Perhaps most significantly, Black Phone 2 corrects one of the key shortcomings of the first picture: Gwen is a more compelling character than Finn (and McGraw a more interesting actor than Thames), so the original’s occasional sidelining of the sister was a buzzkill. Now, Gwen is front and center, and McGraw plays her with a tense, haunted awkwardness. This hesitation also pays off spectacularly in the film’s emotionally intense climax. Indeed, all the actors seem genuinely committed to their parts, which gives everything a convincing gravity that feels true, and which runs counter to the jokey messiness of so many modern horror sequels.

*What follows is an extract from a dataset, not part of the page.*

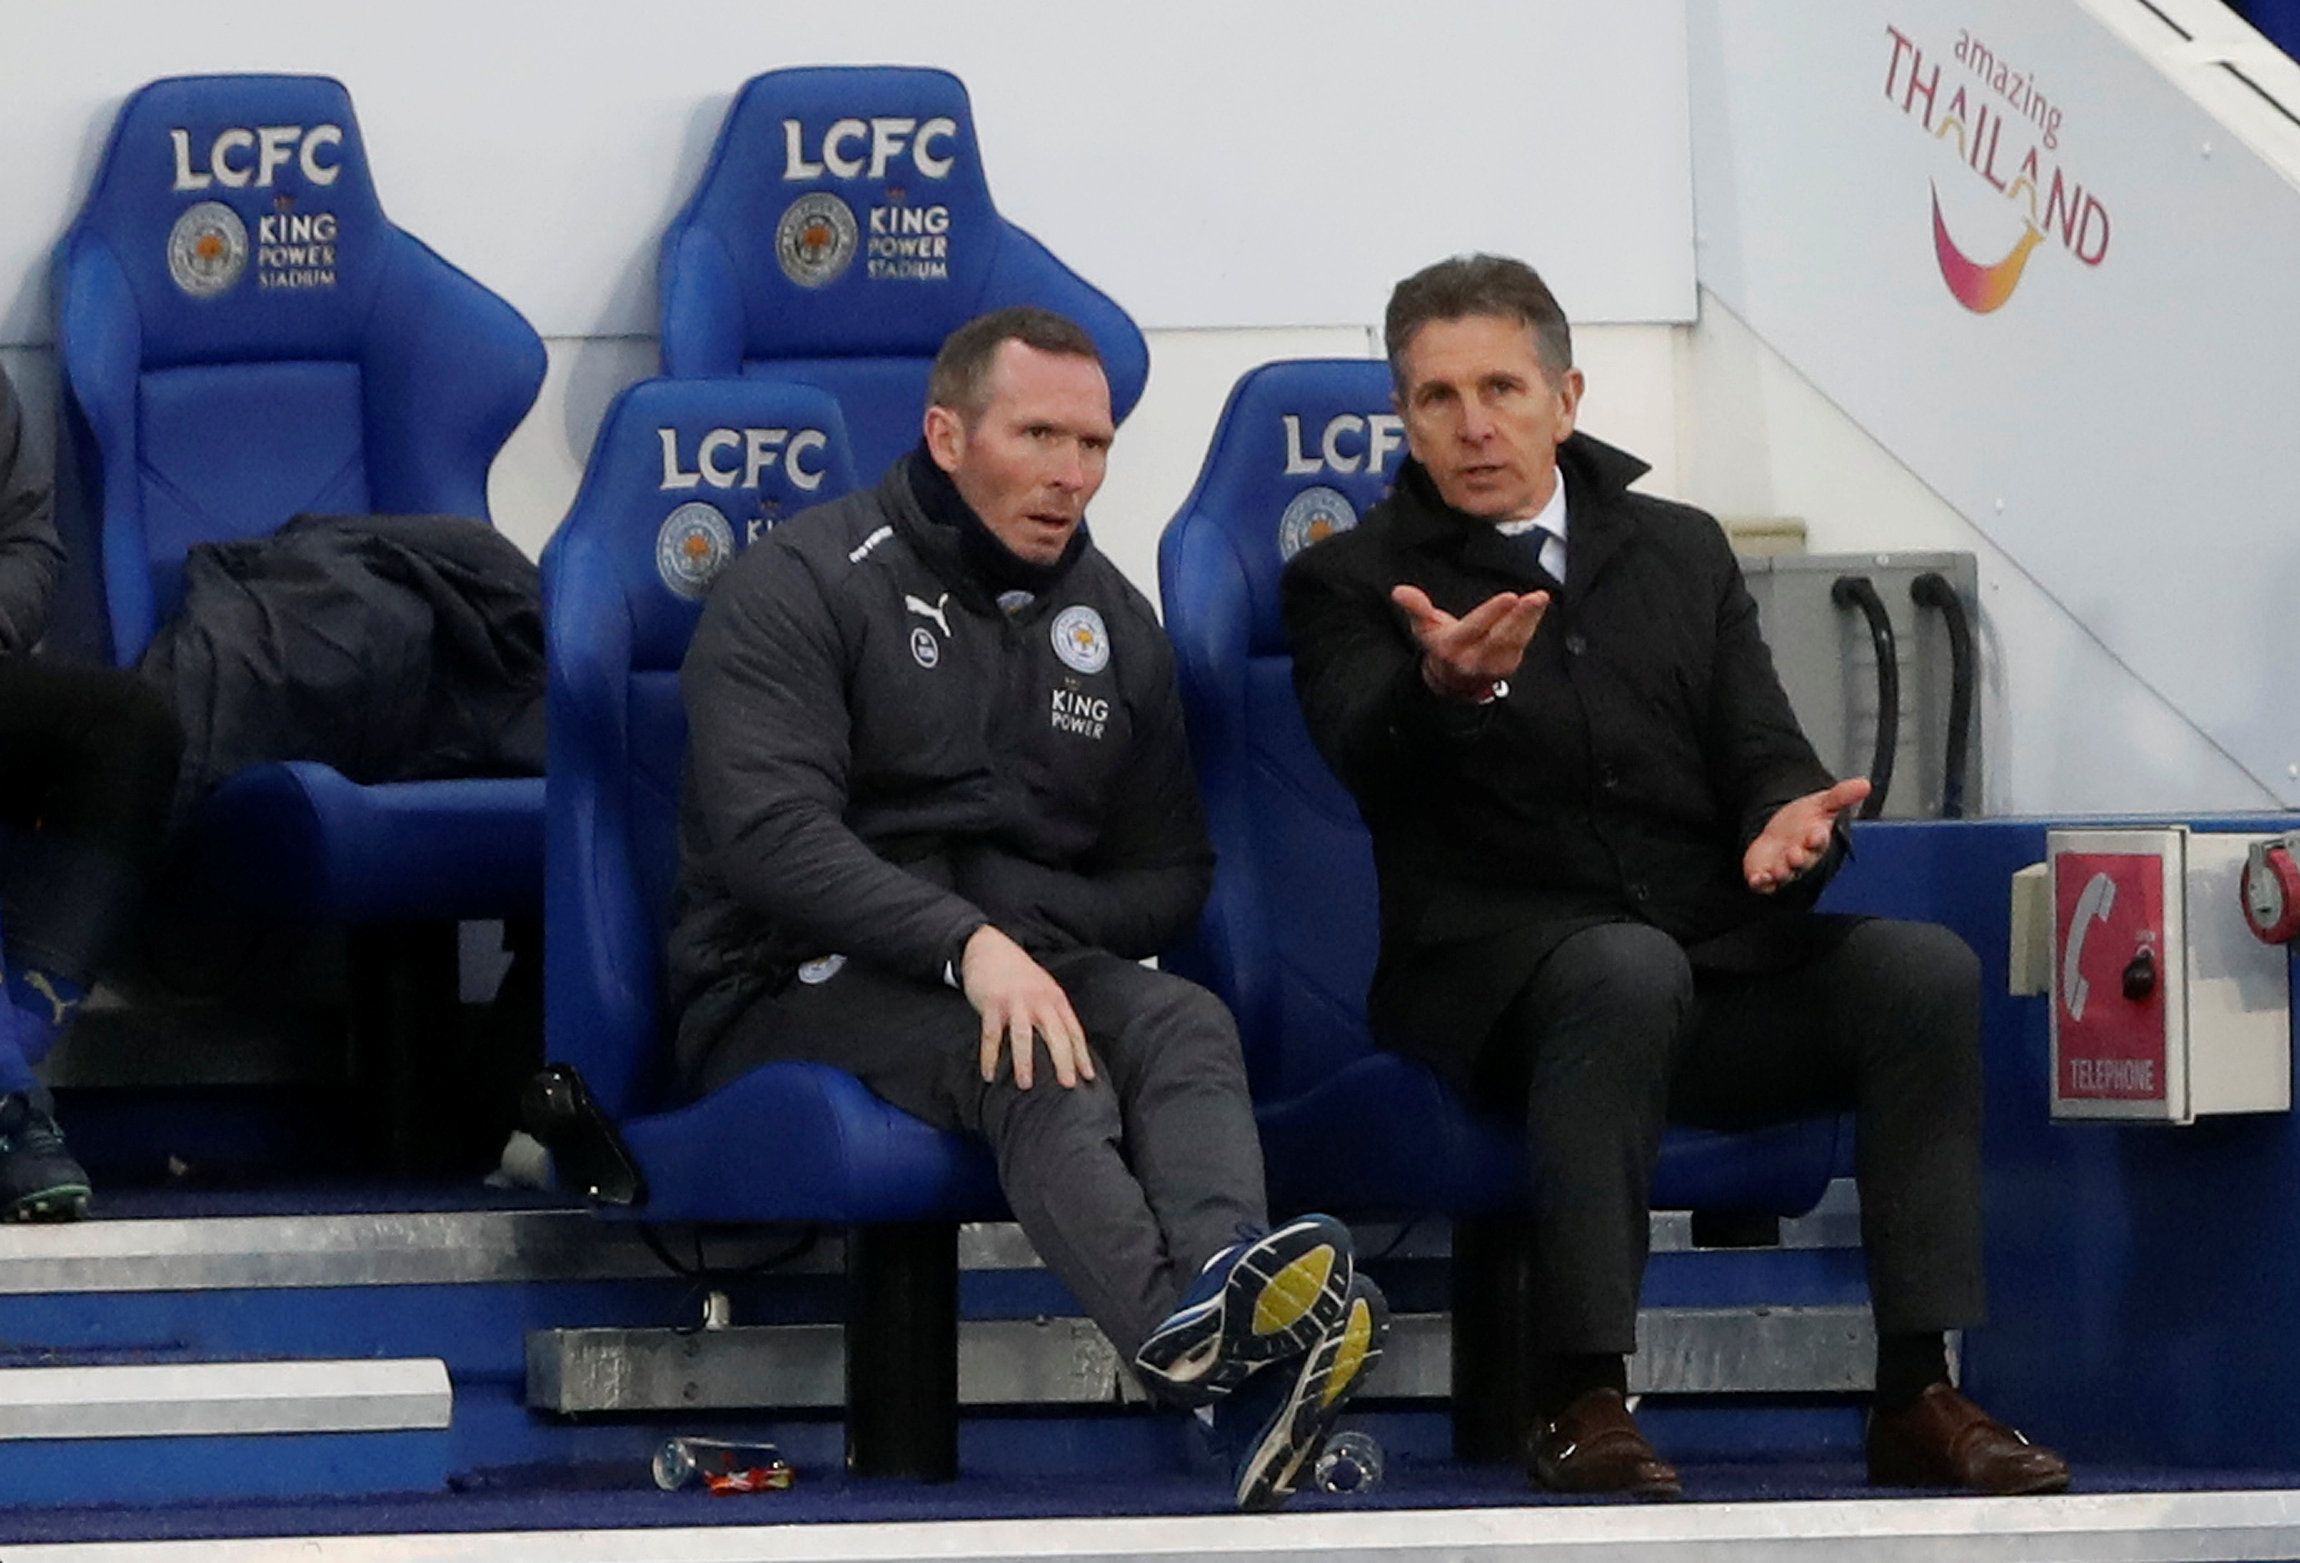 Soccer Football - Premier League - Leicester City vs Swansea City - King Power Stadium, Leicester, Britain - February 3, 2018   Leicester City manager Claude Puel talks to assistant manager Michael Appleton   Action Images via Reuters/Carl Recine    EDITORIAL USE ONLY. No use with unauthorized audio, video, data, fixture lists, club/league logos or "live" services. Online in-match use limited to 75 images, no video emulation. No use in betting, games or single club/league/player publications.  P

To be clear, there’s also dumb stuff in there Black Phone 2 — a dorky subplot about Finn’s marijuana use, as well as the usual ham-handed trauma-speak that now infects this genre, come to mind — but the film’s overall sincerity, its willingness to drift creepily in directions we might not have expected, is bracing. Even the religious stuff has a refreshing earnestness. At one point, Gwen prays to Jesus for help, much to the bemusement (and adoration) of Ernesto. It shouldn’t be surprising — this is, after all, a girl who has supernatural visions in which dead people speak to her — but it is, because horror often only pays cynical lip service to this sort of thing. Derrickson, a devout Christian, clearly takes matters of the afterlife and trapped souls seriously. Such welcome candidness to questions of spirituality is enough to move even a resolute non-believer like me. Whether he’ll be able to keep it up for Black Phone 3: The Grabber Goes Bananas remains to be seen.